**Aim of the exercise**
Give the data again in full, without pictures.

**Dataset section**
········

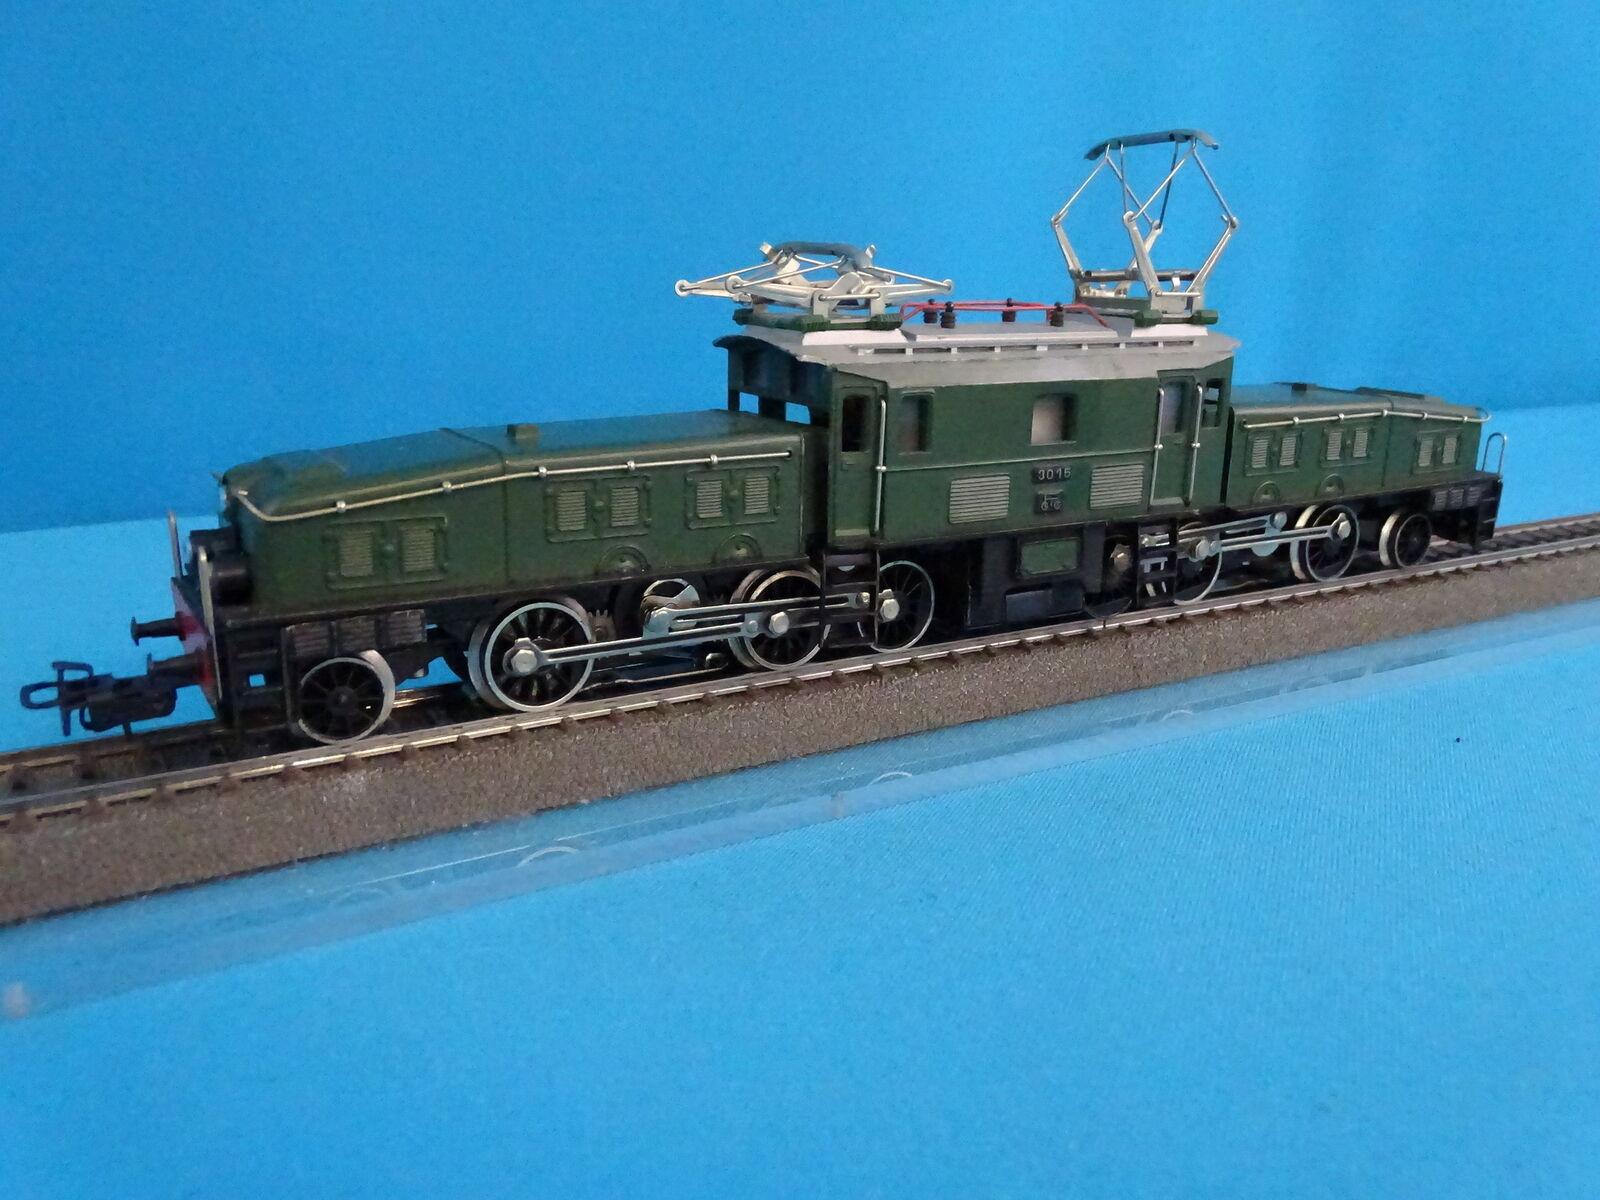 Marklin 3015 SBB CFF Electric Locomotive Br CE 6 8 Krokodil verde AS NEW
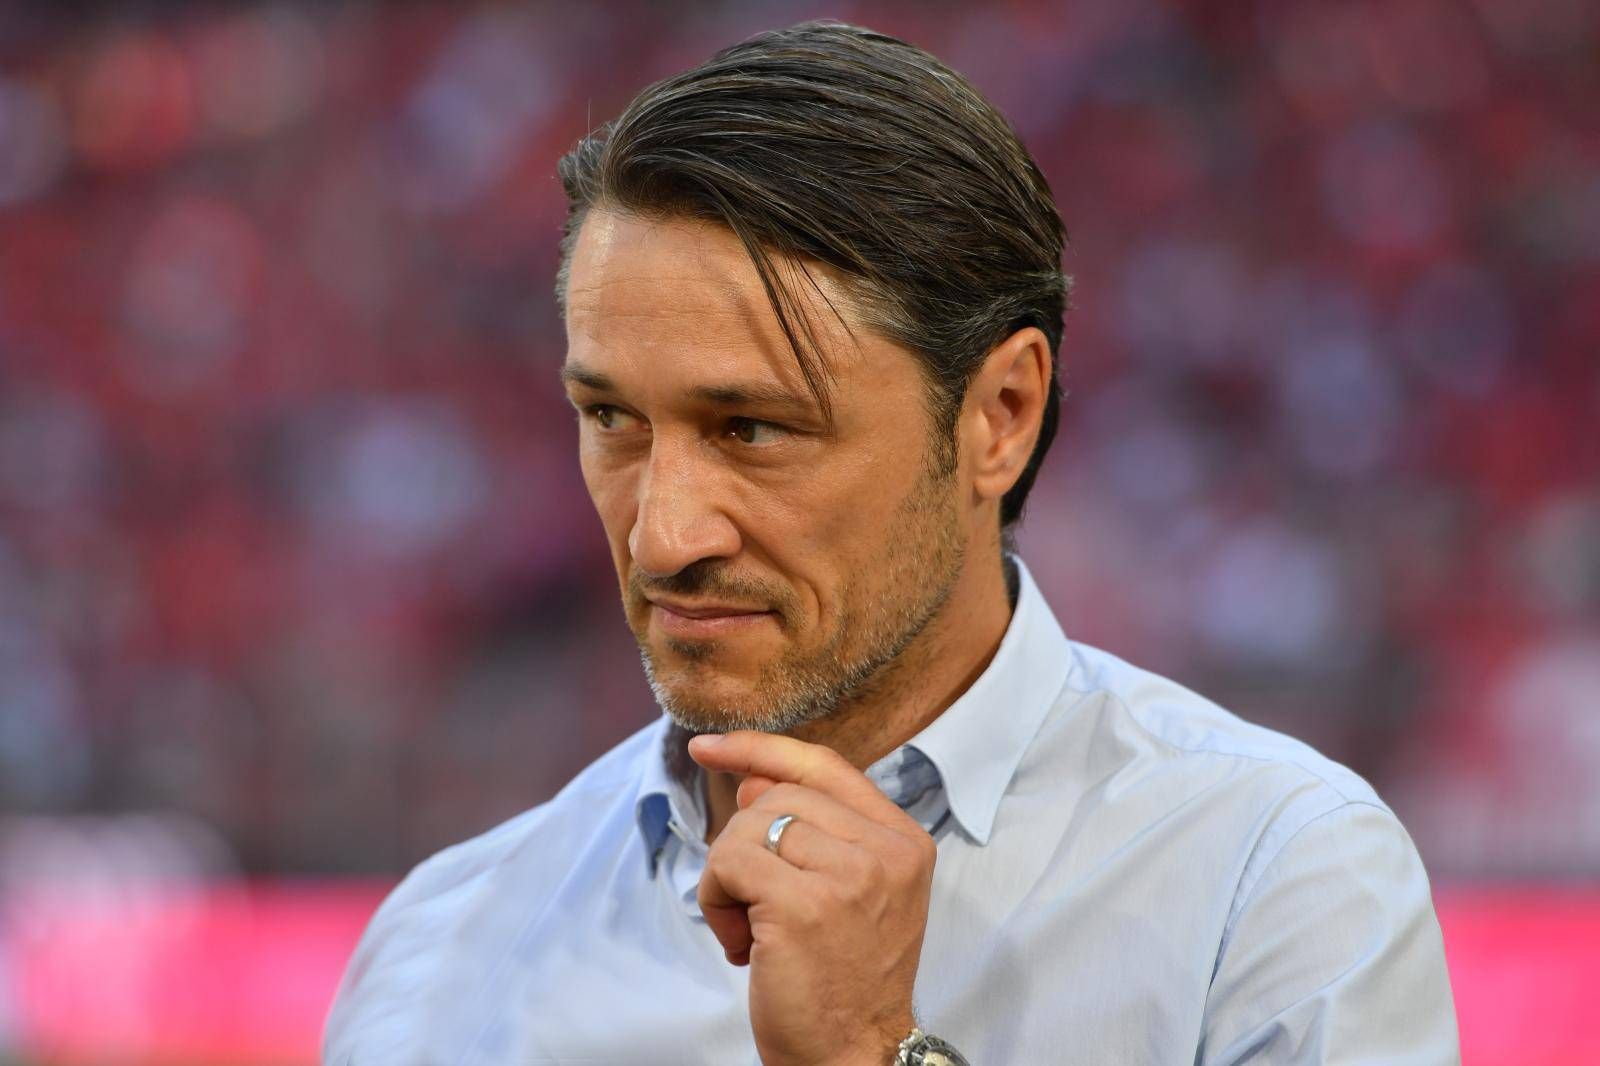 FC Bayern Munich separates by mutual agreement from Niko KOVAC.
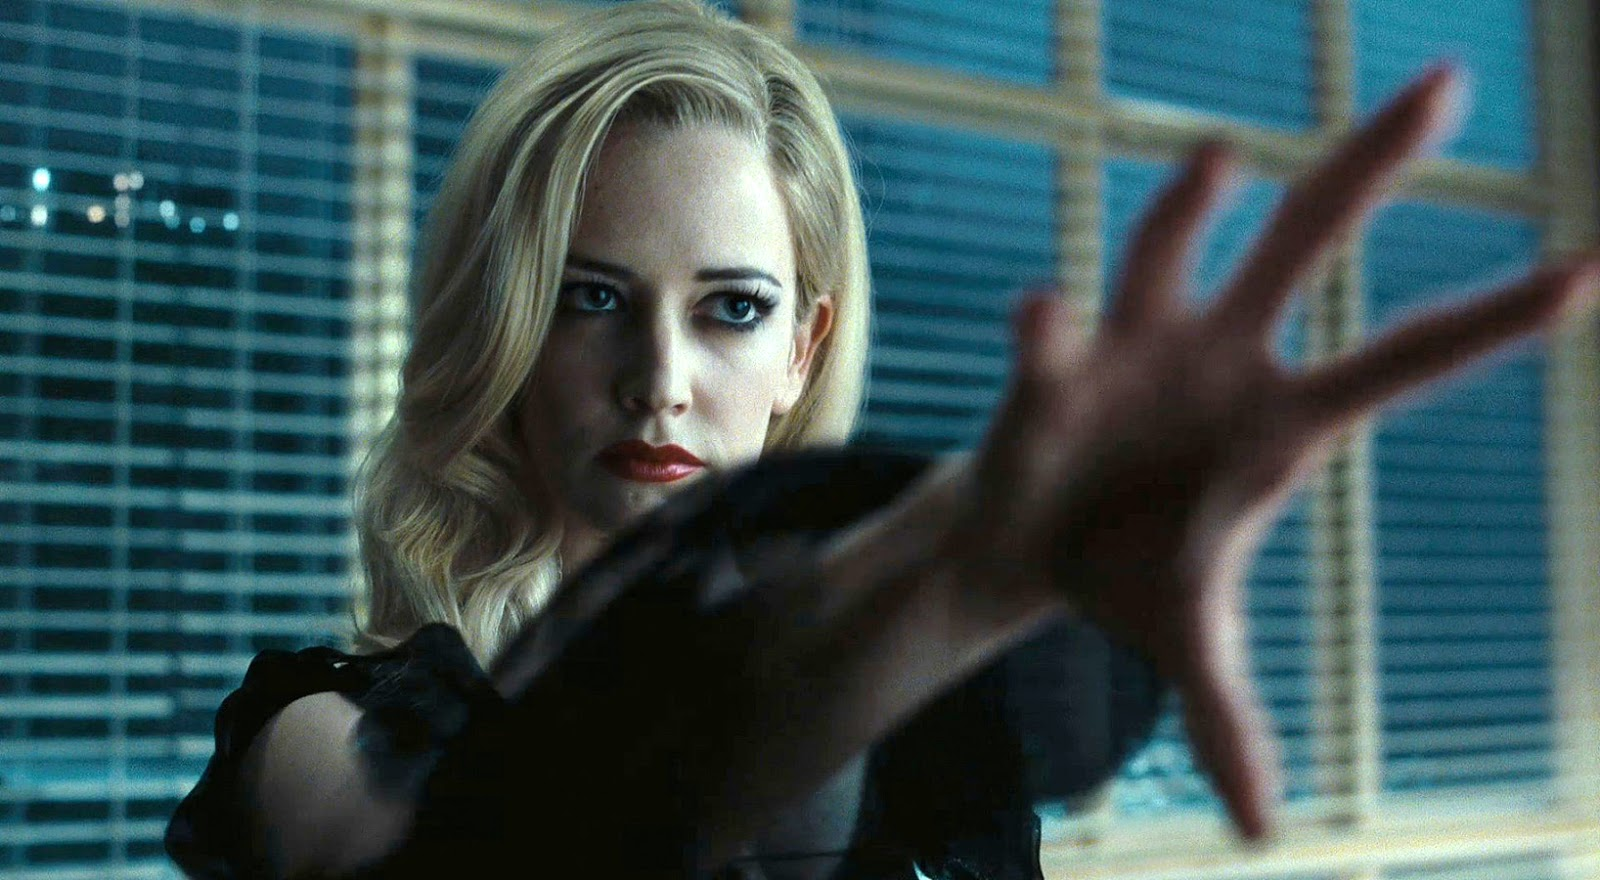 Acidemic - Film: Radium Girls Vs. the 1%: Eva Green in ... Eva Green Movies

········

**Result**
 Marklin 3015 SBB CFF Electric Locomotive Br CE 6 8 Krokodil verde AS NEW
 FC Bayern Munich separates by mutual agreement from Niko KOVAC.
 Acidemic - Film: Radium Girls Vs. the 1%: Eva Green in ... Eva Green Movies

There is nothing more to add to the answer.